Background: Lamotrigine (LTG), a medication frequently prescribed for epilepsy. Despite its widespread use, there remains a lack of clarity regarding the drug's safety profile when used over extended periods in large patient populations. This study evaluated the safety profile of LTG using the FDA Adverse Event Reporting System (FAERS), aiming to enhance clinical decision-making.

Research design and methods: We used disproportionate analyses, including the reporting odds ratio (ROR), proportional reporting ratio (PRR), Bayesian confidence propagation neural network (BCPNN), and empirical Bayes geometric mean (EBGM), to identify signals of adverse reactions associated with LTG.

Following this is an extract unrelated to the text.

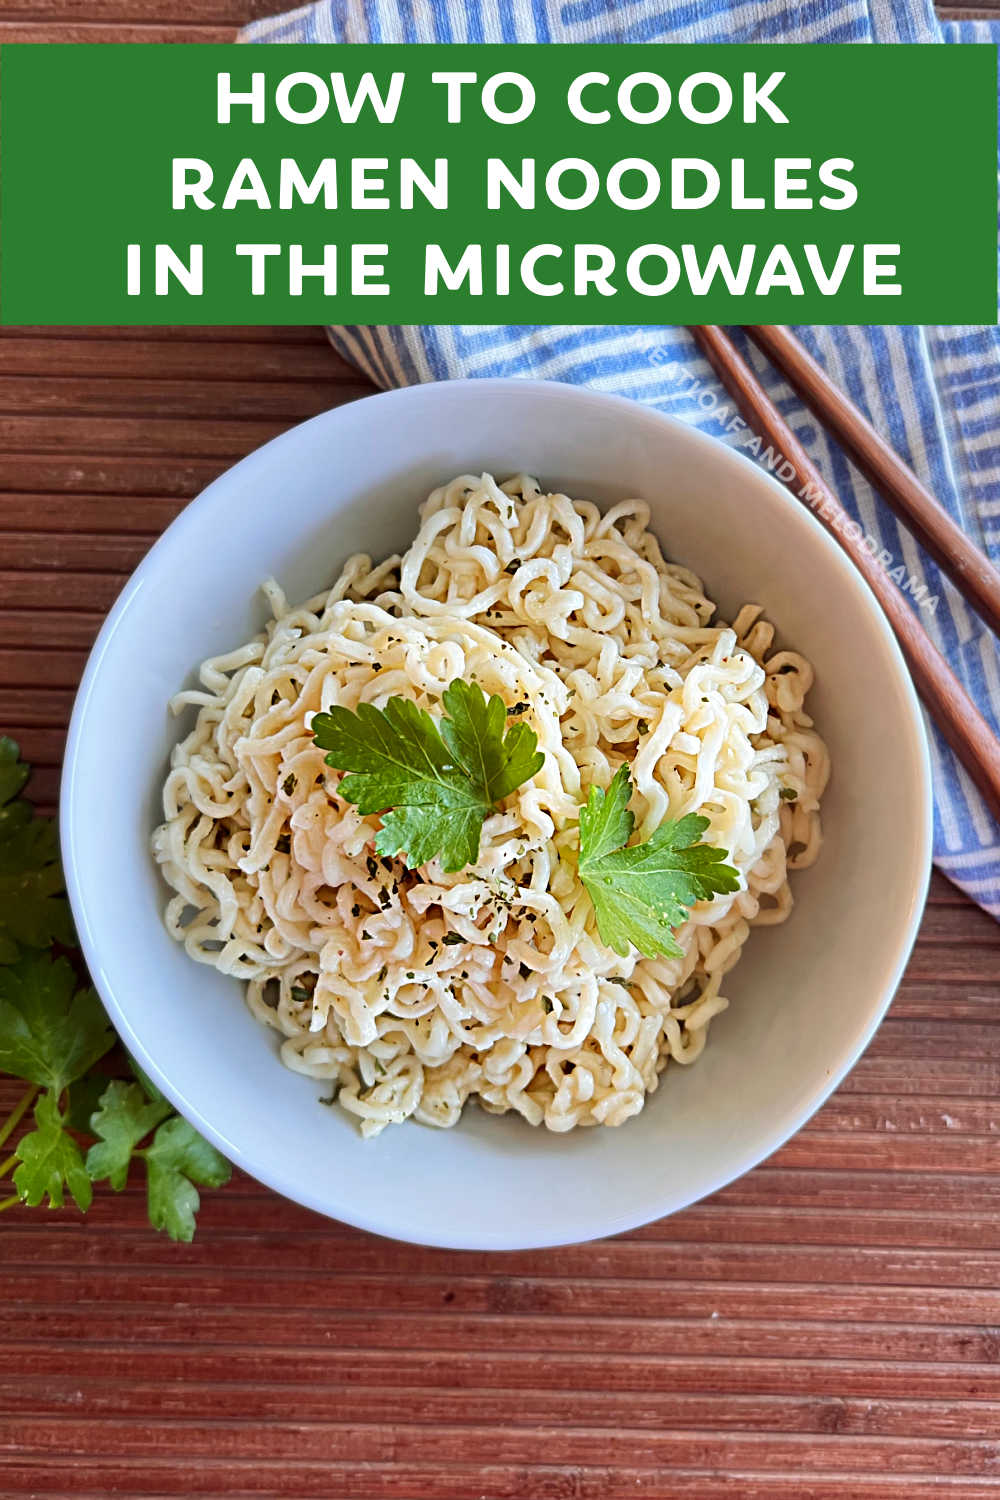 You can cook ramen noodles in the microwave in a matter of minutes with this easy recipe for microwave ramen. Perfect for meal prep or an instant meal!  via @meamel

Results: A total of 187,024 records were reported, involving 905 adverse drug event (ADE) signals across 27 system organs classes (SOCs). We detected several known adverse event (AE) signals from the clinical trial phase, including seizures, rash, Stevens-Johnson syndrome (SJS), toxic epidermal necrolysis (TEN), and drug reaction with eosinophilia and systemic symptoms (DRESS). Additionally, we uncovered several unforeseen and significant adverse effects that were not documented in the medication's prescribing information, encompassing suicides, atrial septal defects, Brugada syndrome, and signals associated with aortic stenosis.

Conclusions: Our analysis in the post-marketing setting reveals new AE signals associated with LTG, highlighting the need for ongoing risk surveillance.